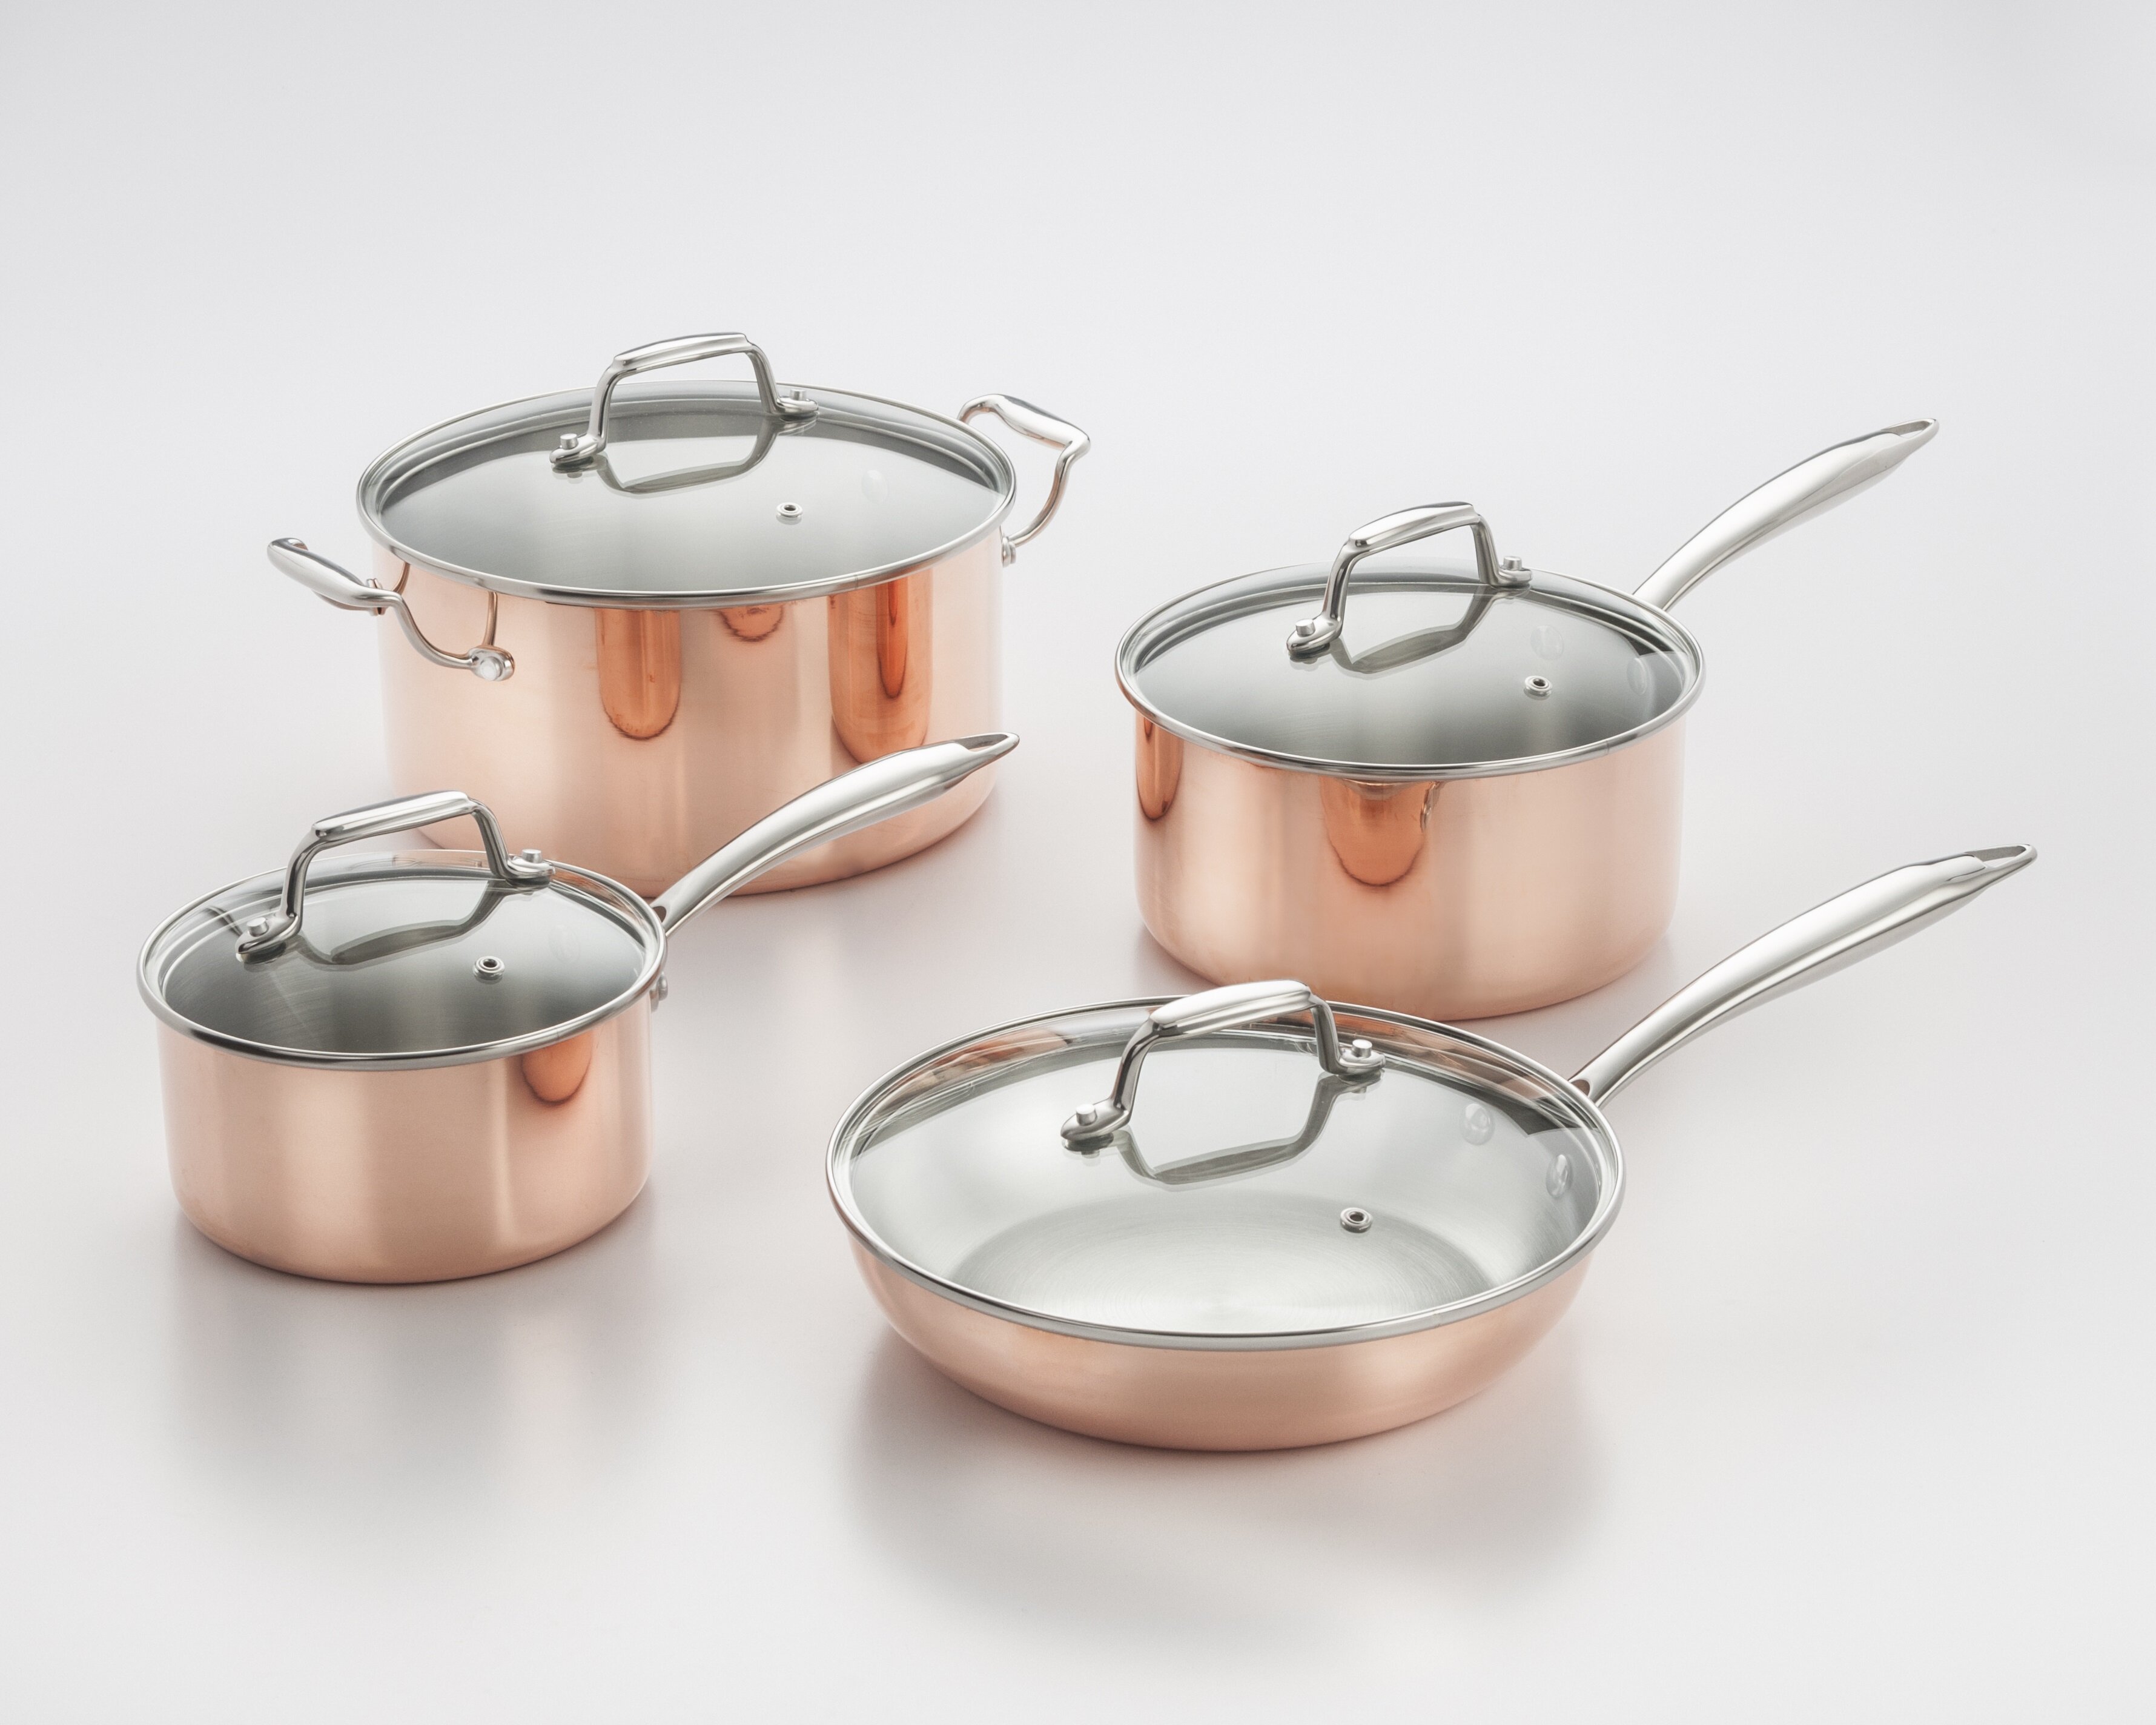 22CM S/S 3TIER STEAMER & PRESSED ALUMINIUM COPPER FRYING PAN SET COOKING KITCHEN 
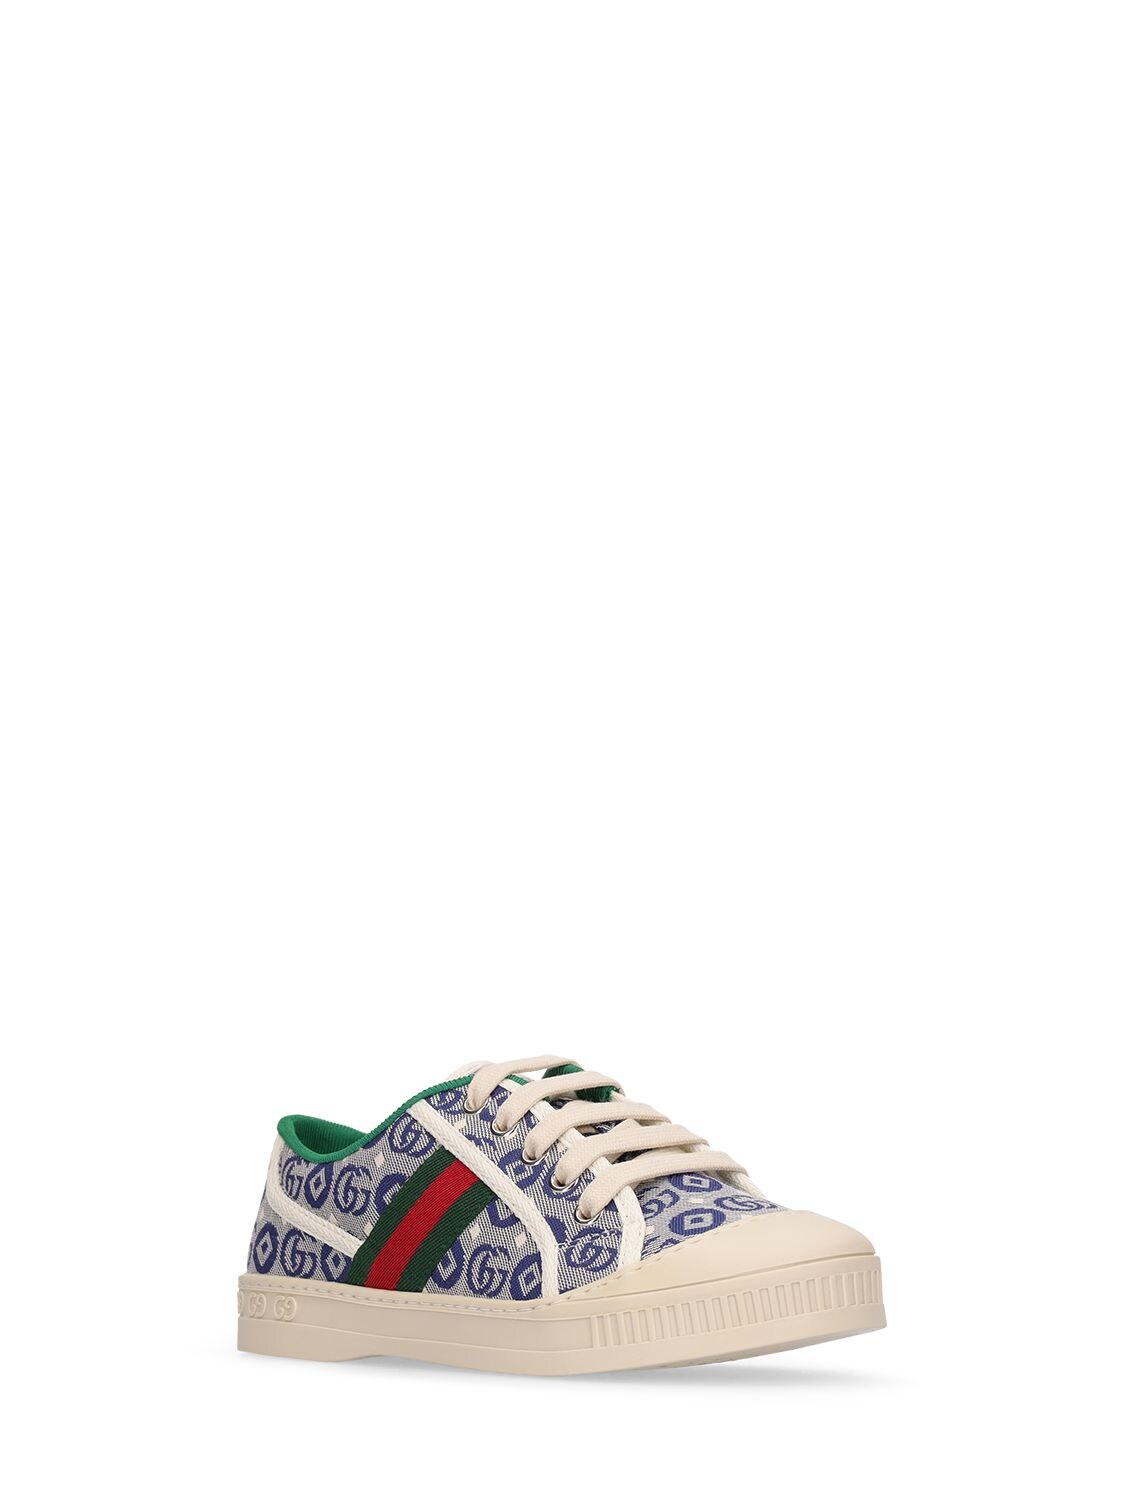 Shop Gucci Tennis 1977 Label Sneakers In Blue,white
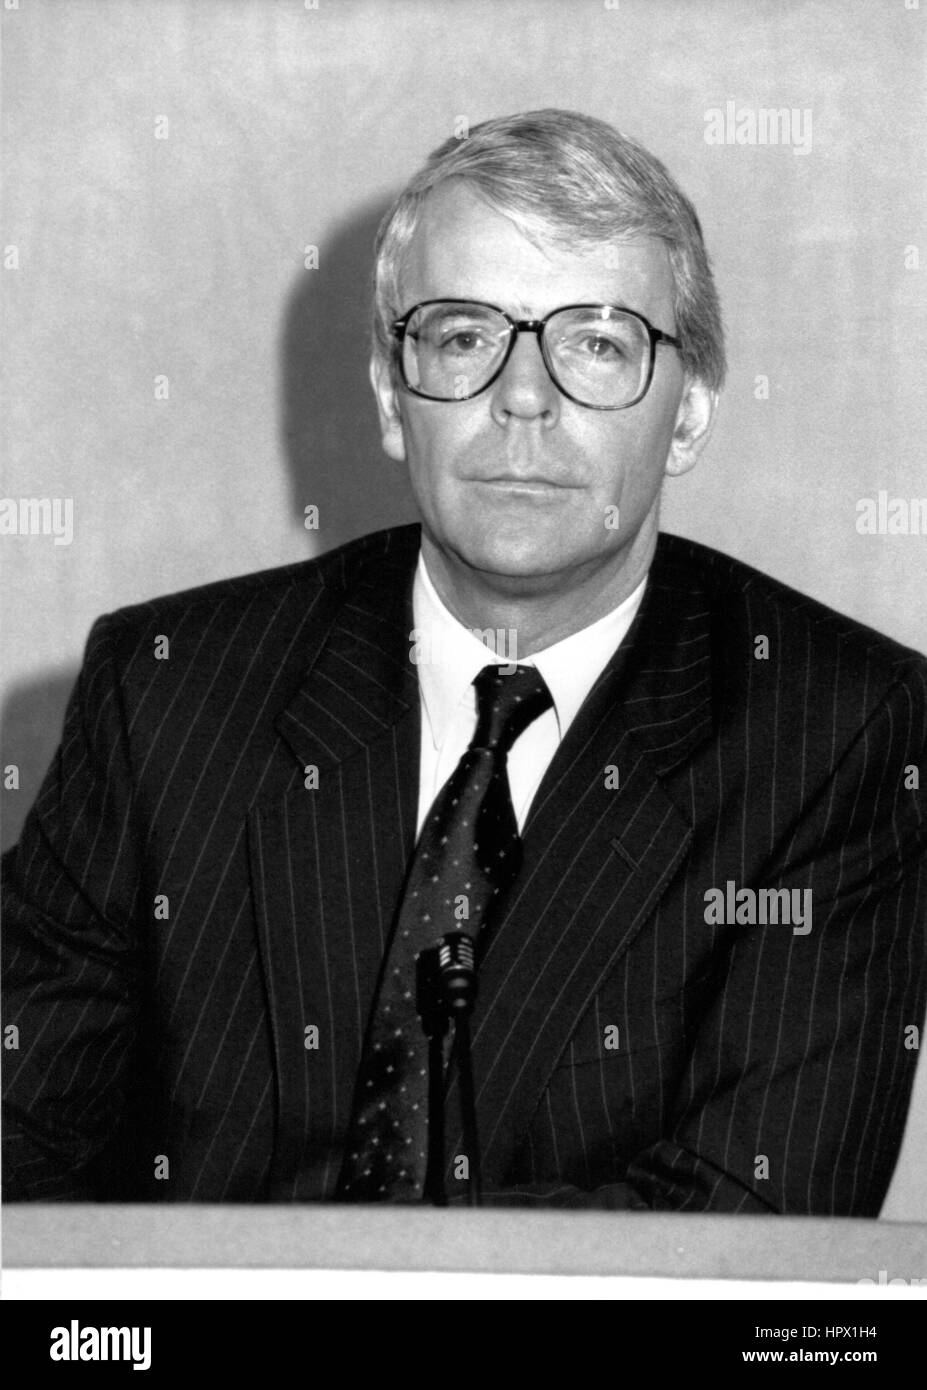 Rt. Hon. John Major, British Prime Minister, attends a press conference in London, England on March 20, 1992. Stock Photo
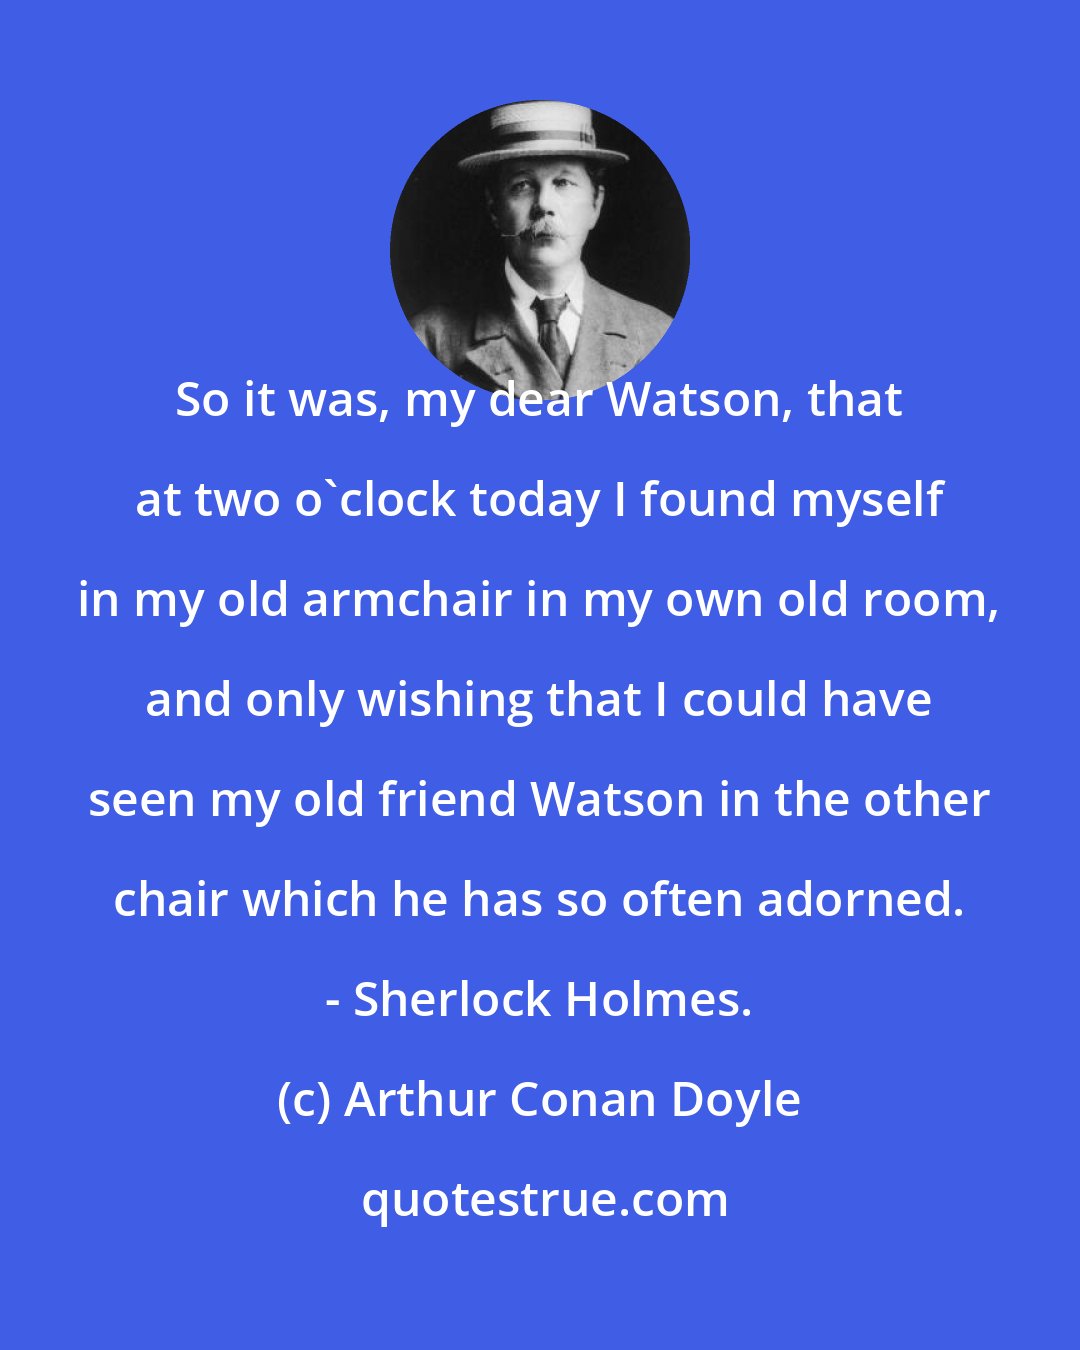 Arthur Conan Doyle: So it was, my dear Watson, that at two o'clock today I found myself in my old armchair in my own old room, and only wishing that I could have seen my old friend Watson in the other chair which he has so often adorned. - Sherlock Holmes.
++++++++
### What the task requires
Set down word for word each line from the one containing "Rt. Hon. John" through the end of the material, and keep the pictures out of it.

### Result
 Rt. Hon. John Major, British Prime Minister, attends a press conference in London, England on March 20, 1992. Stock Photo
 Arthur Conan Doyle: So it was, my dear Watson, that at two o'clock today I found myself in my old armchair in my own old room, and only wishing that I could have seen my old friend Watson in the other chair which he has so often adorned. - Sherlock Holmes.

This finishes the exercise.